Two Hundred Thousand Tonnes of snow.

27th March 2019

It was mild and damp in Lochaber today. The snowpack is thawing at all levels. I borrowed a snow density measurement device from a colleague and measured the density of the tops three layer of the snowpack when I did my snowpit. The results were 450kg/m3, 330 kg/m3 and 470kg/m3 respectively.

How much snow is there on the hills? This was something I was pondering on the way down, and decided to do a rough calculation. Instead of snow on the hills in general, I decided to consider a location that  I know quite well, and is also good at collecting snow. This is Coire an Lochan on Aonach Mor. I estimated the area of the coire by counting up the 100 by 100 metres ming grid square on the map (see 3rd picture down). This gave 42 squares which gives a total area of around 420000 square metres. To make the numbers easier I rounded this down to 400000 square metres.

The snow density I measured today was near the surface of the snow pack. I made the assumption that the average snow density is bit higher than this as the snow deeper in the snowpack will be older, and have had more time to settled and get denser. I assumed an average snow density of around 500 kg/m3. Now the final assumption I had to make is the average depth of the snow in the coire. This is the assumption that I would say has the greatest uncertainty associated with it. The actual depth will be very variable, from zero to in some places 4 or more meters in other places. I assumed an average depth of 1 metre.

Multiplying 400000 by 500 by 1 and then dividing by 1000 (to change the units from kg to metric tonnes) gives a total snow mass of the order of 200000 tonnes of snow. Although the value of two hundred thousand tonnes of snow might be a bit high (I am slightly dubious of my assumption of an average snow depth of 1m), there is certainly a fair mass of snow up there.

Given that this winter has been a very low snow year, think how much snow there must be in the Coire at the end of a snowy winter. The short answer would be, a lot!

Poor Visibility at the top of Easy Gully.

Poor visibility on the summit plateau at 1200 metres.

How I roughly calculated the area of Coire an Lochan.

The view into Coire an Lochan on Saturday the 23rd of March. I estimated the average snow depth the Coire to be around 1 metre at the moment (it’s won’t have changed much since this photo was taken). I felt this to be the most dubious of my various assumptions.

Coire on Lochan at the end of a much snowier winter. This picture was taken in late March/Early April 2015 (compare to the picture above). There must have been a fair mass of snow in Coire an Lochan when this shot was taken!



Comments on this post

  • That Guy from The Internet
    27th March 2019 4:09 pm

    Great posting. Interesting stats, Blair.

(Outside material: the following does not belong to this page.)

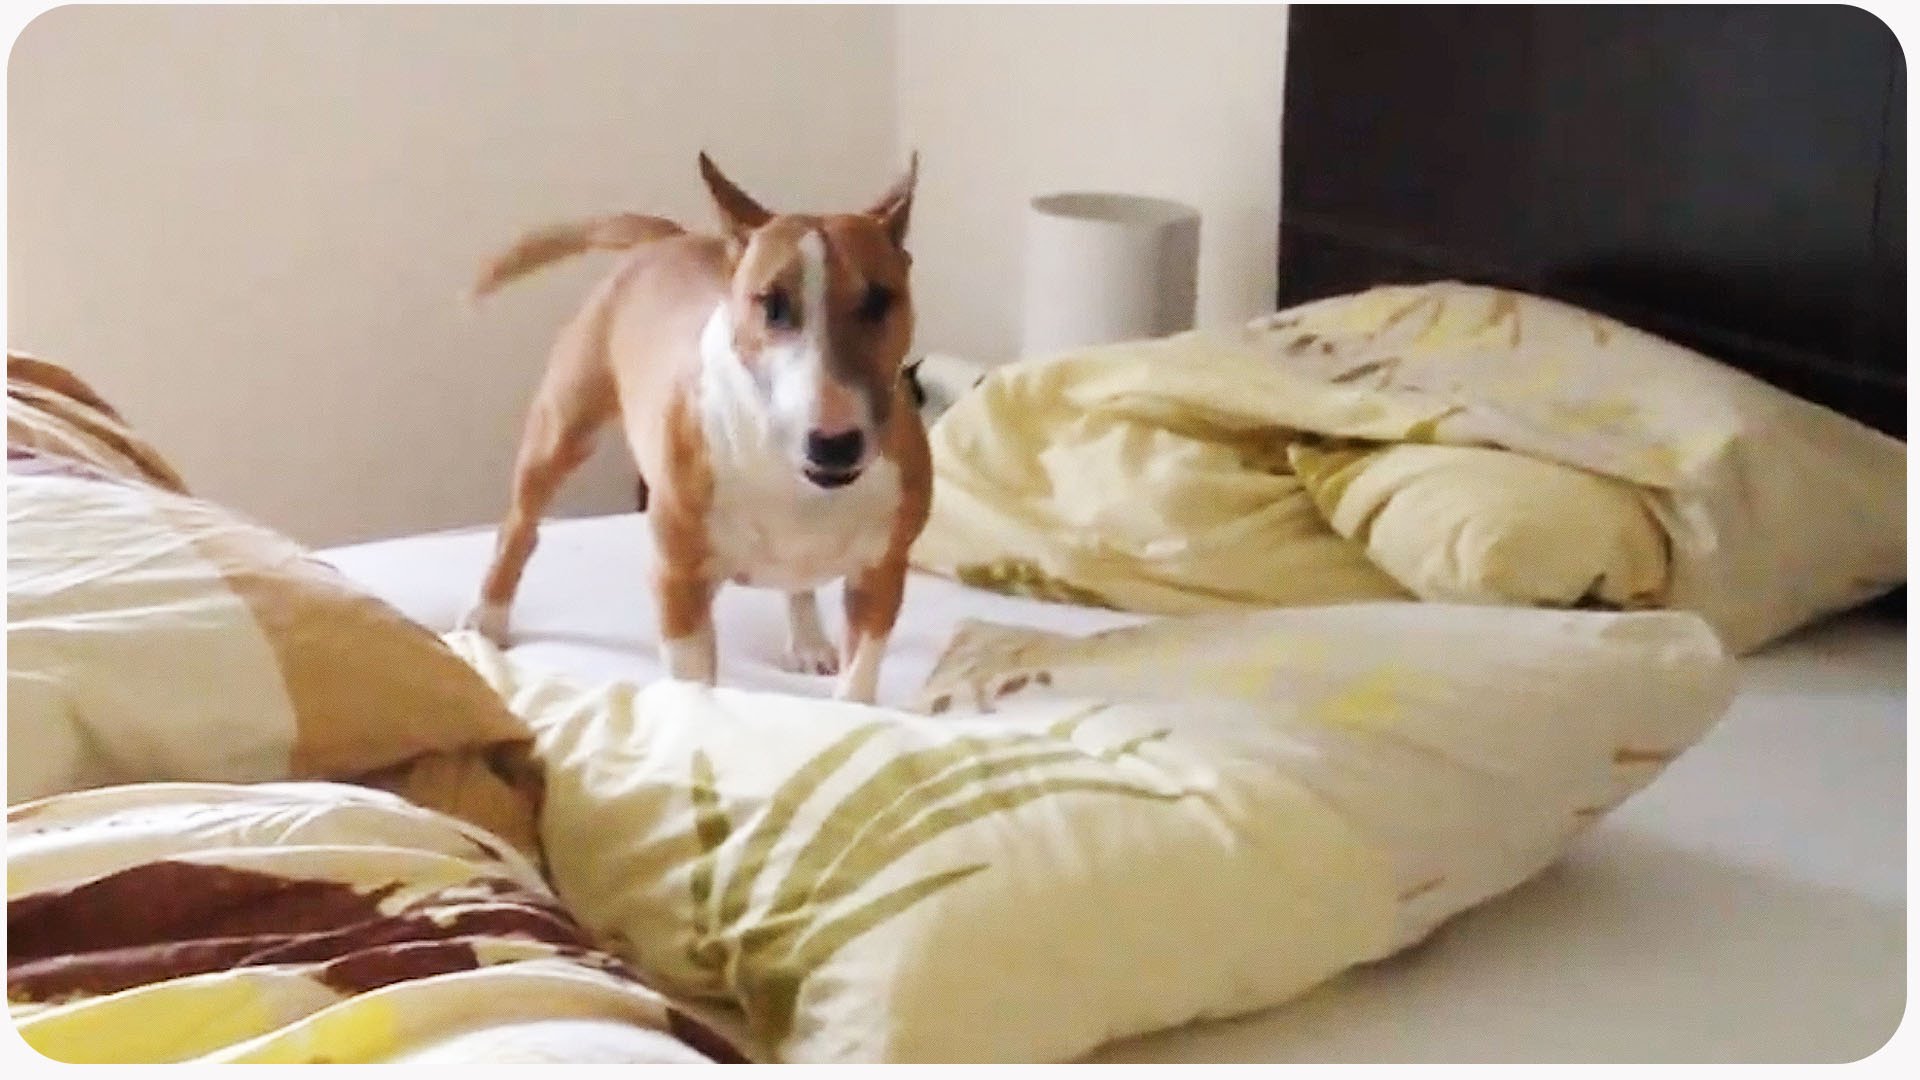 VIDEO: Tas brīdis, kad beidzot ir atļauts iekāpt gultā! (Funny Dog Goes Nuts | One Dog Circle Pit)

    I’ve often wondered about ablation rates for snow in different atmospheric conditions (the interplay of air relative humidity, air temp, solar radiation + the influence of wind speed on ablation). Need a scientist with a proper understanding of these issues. (Oh! What about you, Blair?)

  • Jim Sutherland
    27th March 2019 5:59 pm

    thanks for speaking to us on Saturday morning, it turned out to be a great day finishing off with a tour of LMRT base! Your post today will go well with the two data sets I collected from transceiver search times to provide figures for standard deviation for my pupils!

  • Gareth james
    2nd April 2019 10:49 pm

    Looking to head up to aonach mor this coming weekend and wondered if gullys are holding for some winter routes and if grouns temps mean turfs still firm?

    • lochaberadmin
      3rd April 2019 9:30 am

      As of today, 3rd April there is snow in the East facing gullies, turf is mainly frozen and fresh snow covering rock. Warmer conditions forecast for the weekend so conditions will change.